Problem details: With pictures left out, output exactly the lines of the listing below from the line that has "Bronze merchants ring" to the line that has "On Wednesday night", both lines kept.

Data section:
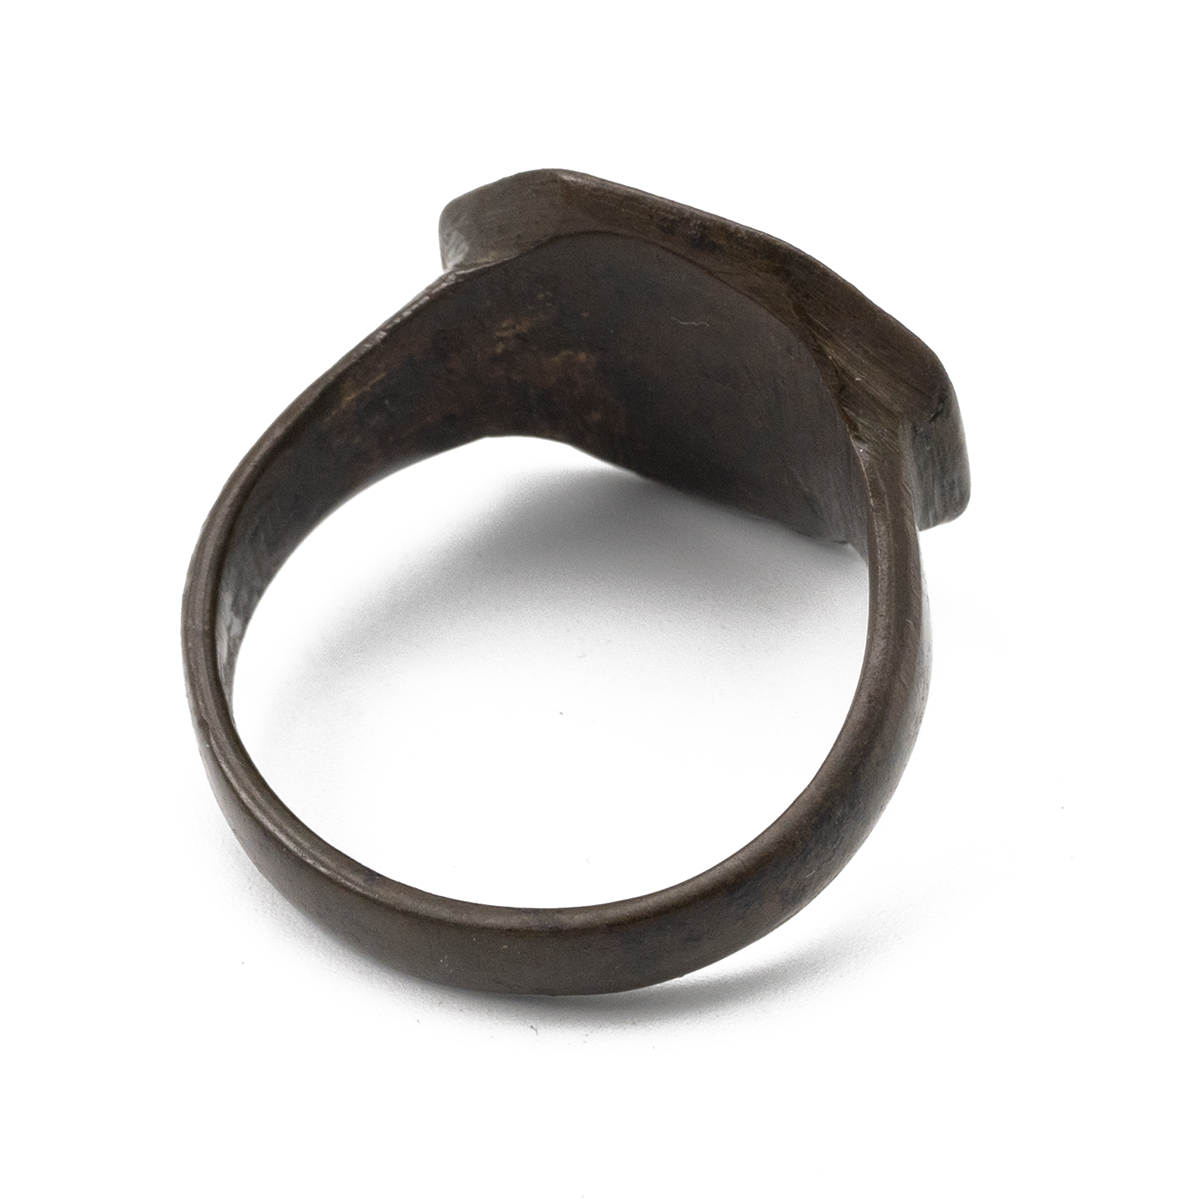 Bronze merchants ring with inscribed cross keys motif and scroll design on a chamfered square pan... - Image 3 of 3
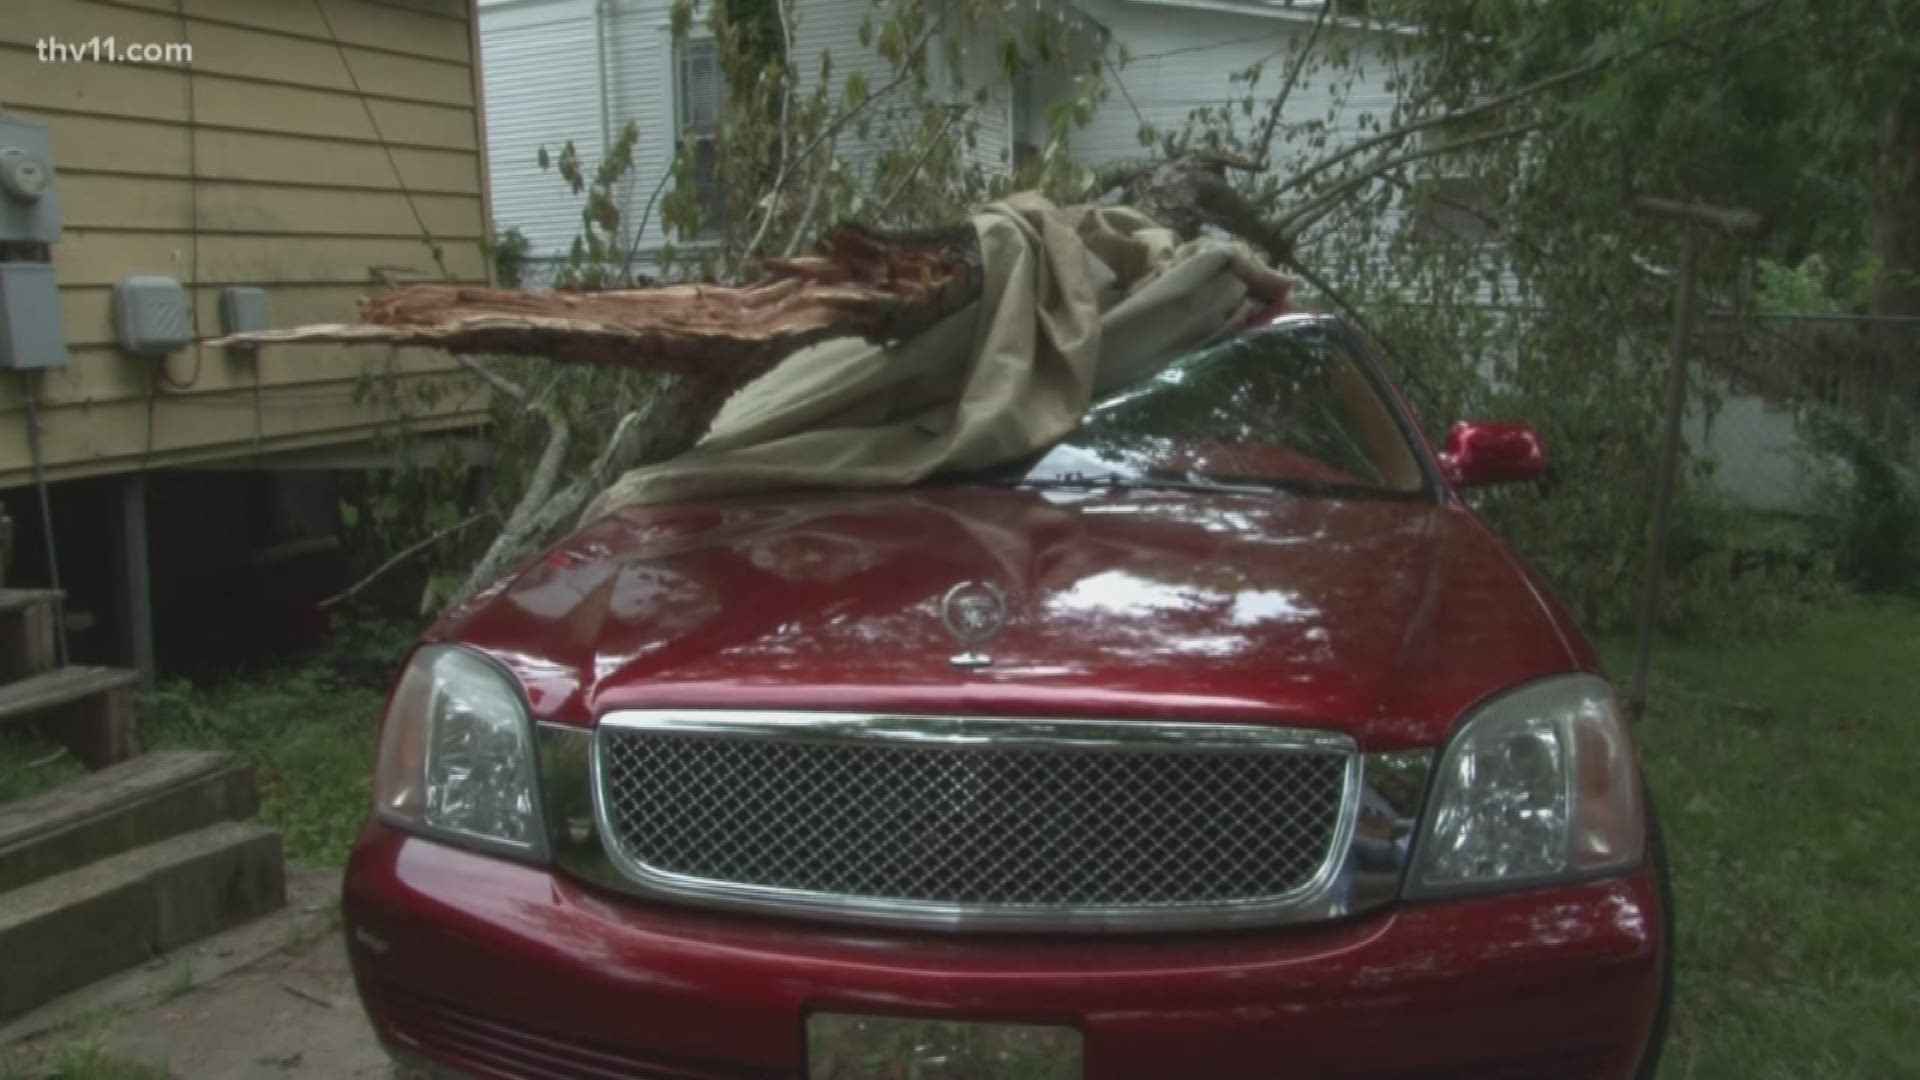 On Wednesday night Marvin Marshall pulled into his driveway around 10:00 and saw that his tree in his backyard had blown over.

==

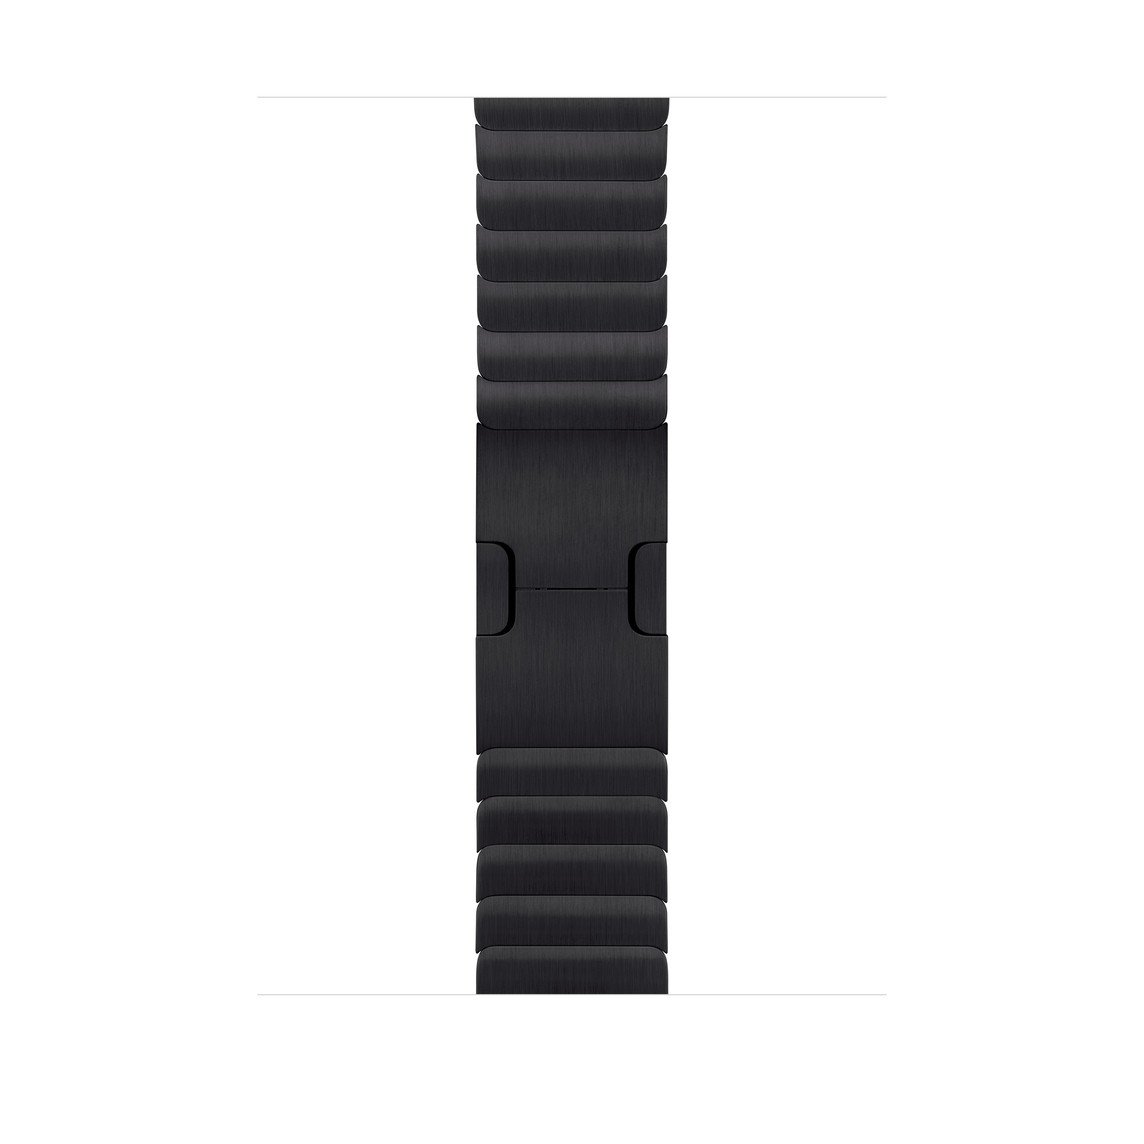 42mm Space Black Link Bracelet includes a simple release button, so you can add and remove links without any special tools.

==

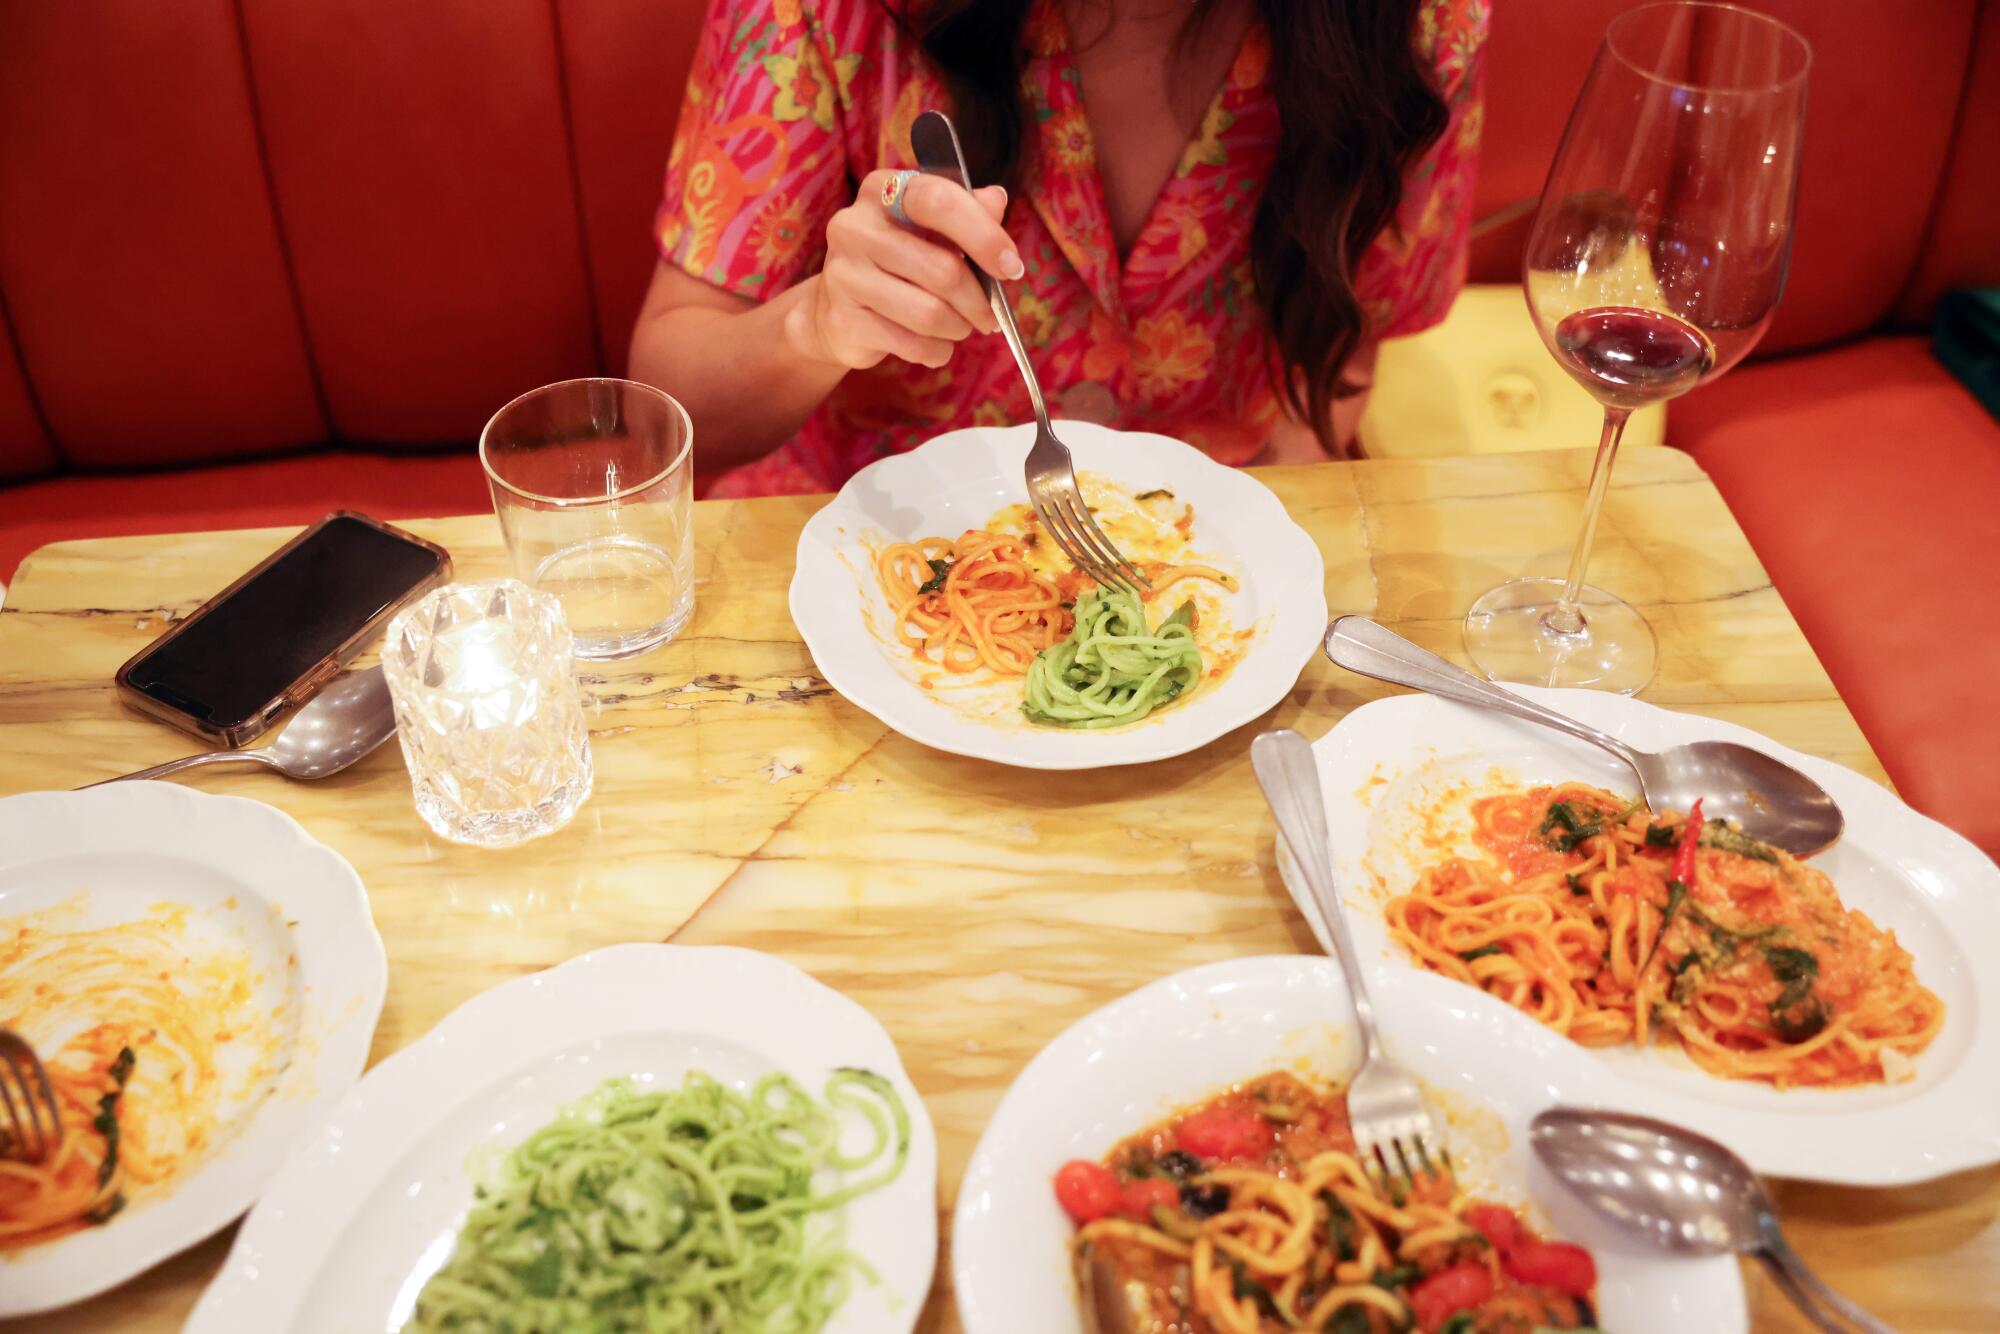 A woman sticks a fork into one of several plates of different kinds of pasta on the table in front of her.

Result:
 Bronze merchants ring with inscribed cross keys motif and scroll design on a chamfered square pan... - Image 3 of 3
 On Wednesday night Marvin Marshall pulled into his driveway around 10:00 and saw that his tree in his backyard had blown over.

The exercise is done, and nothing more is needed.